Materials provided:
Start of Block

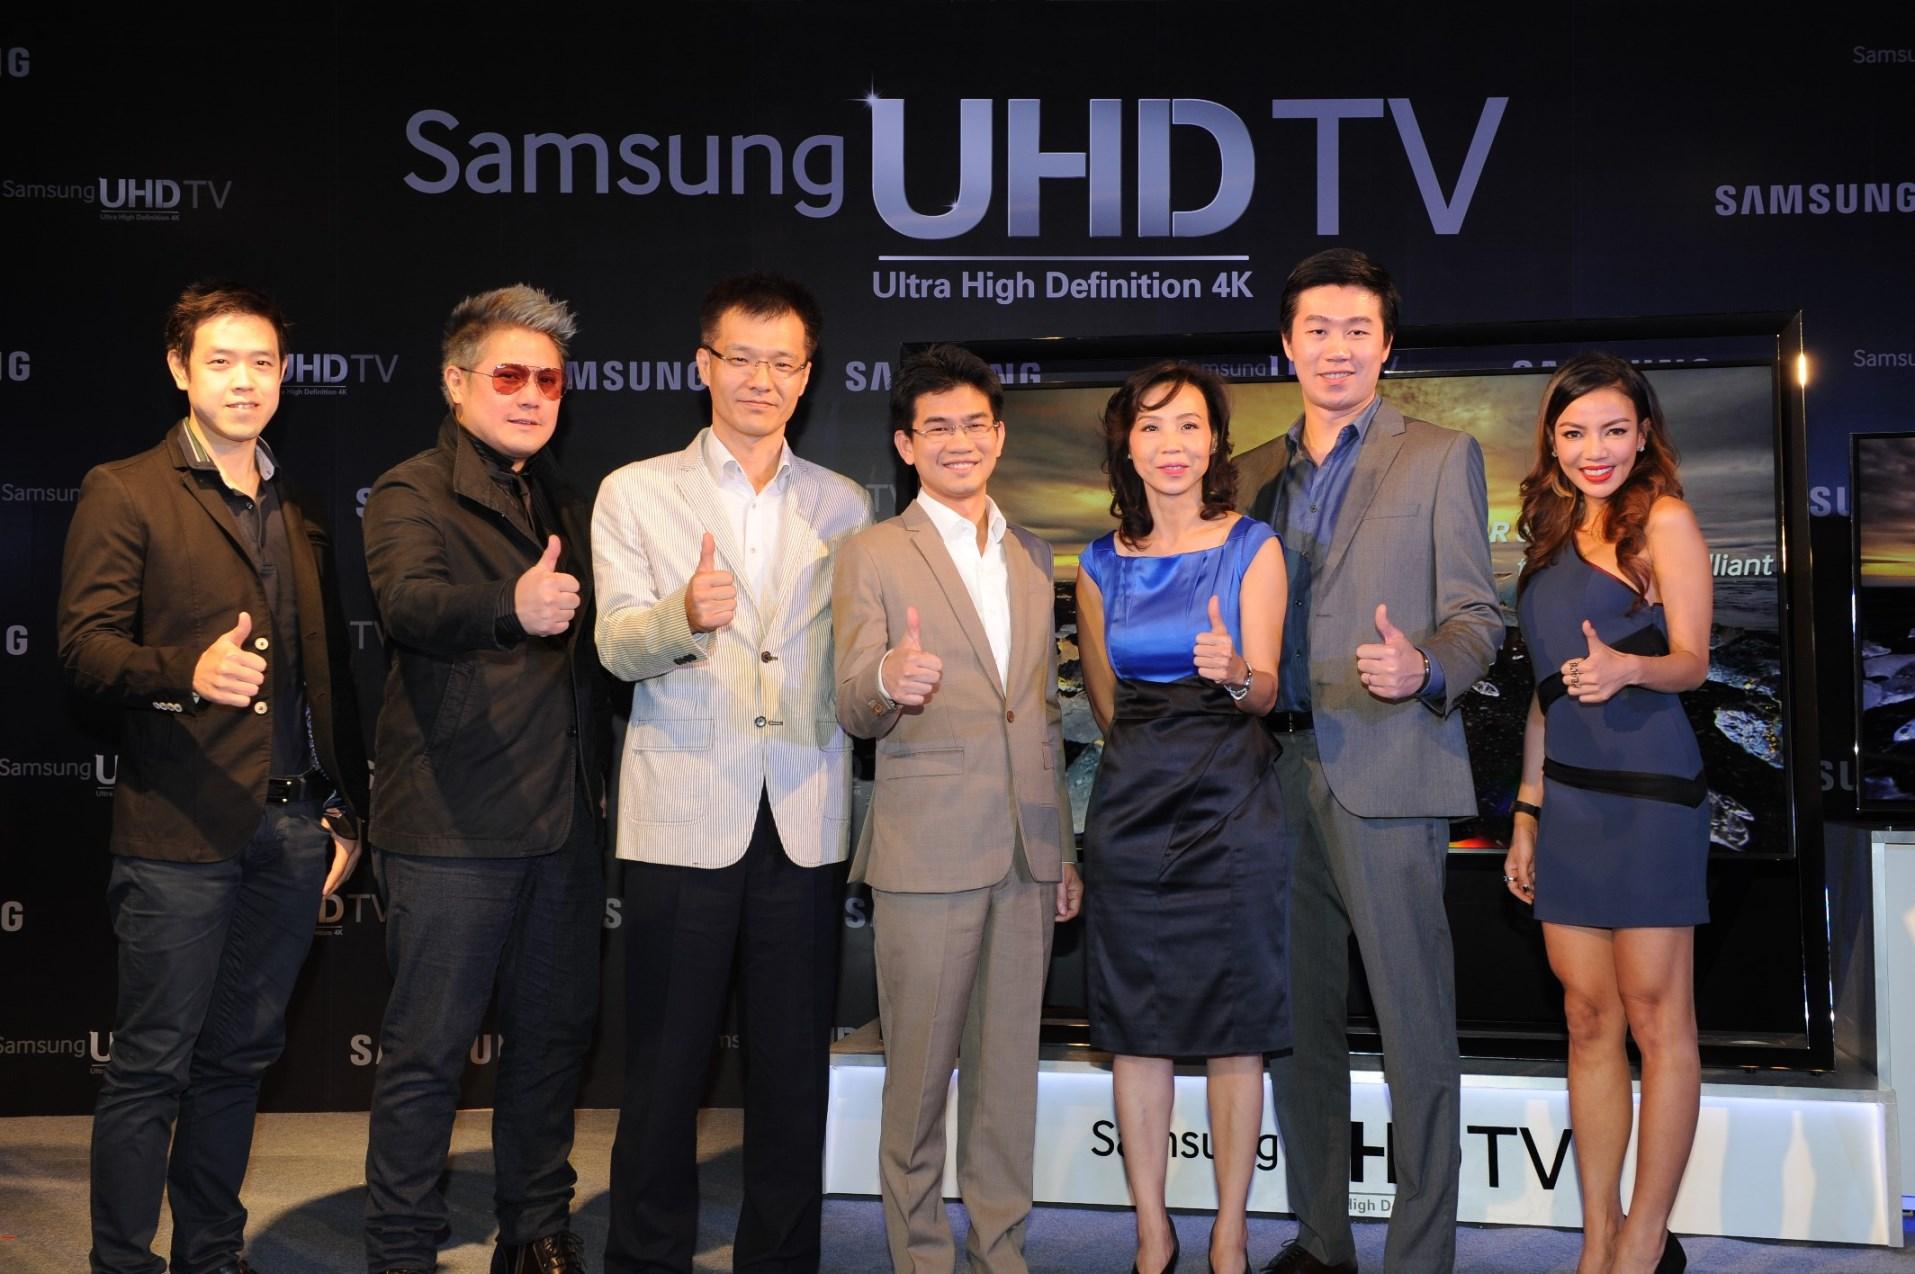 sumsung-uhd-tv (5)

End of Block
Start of Block

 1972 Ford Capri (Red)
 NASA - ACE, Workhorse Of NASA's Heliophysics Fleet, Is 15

End of Block

Task to carry out:
Once you find the line with "1972 Ford Capri (Red)" above, print it and every line after it up to and including the line with "NASA - ACE, Workhorse", exactly as written and nothing else.

Exercise result:
 1972 Ford Capri (Red)
 NASA - ACE, Workhorse Of NASA's Heliophysics Fleet, Is 15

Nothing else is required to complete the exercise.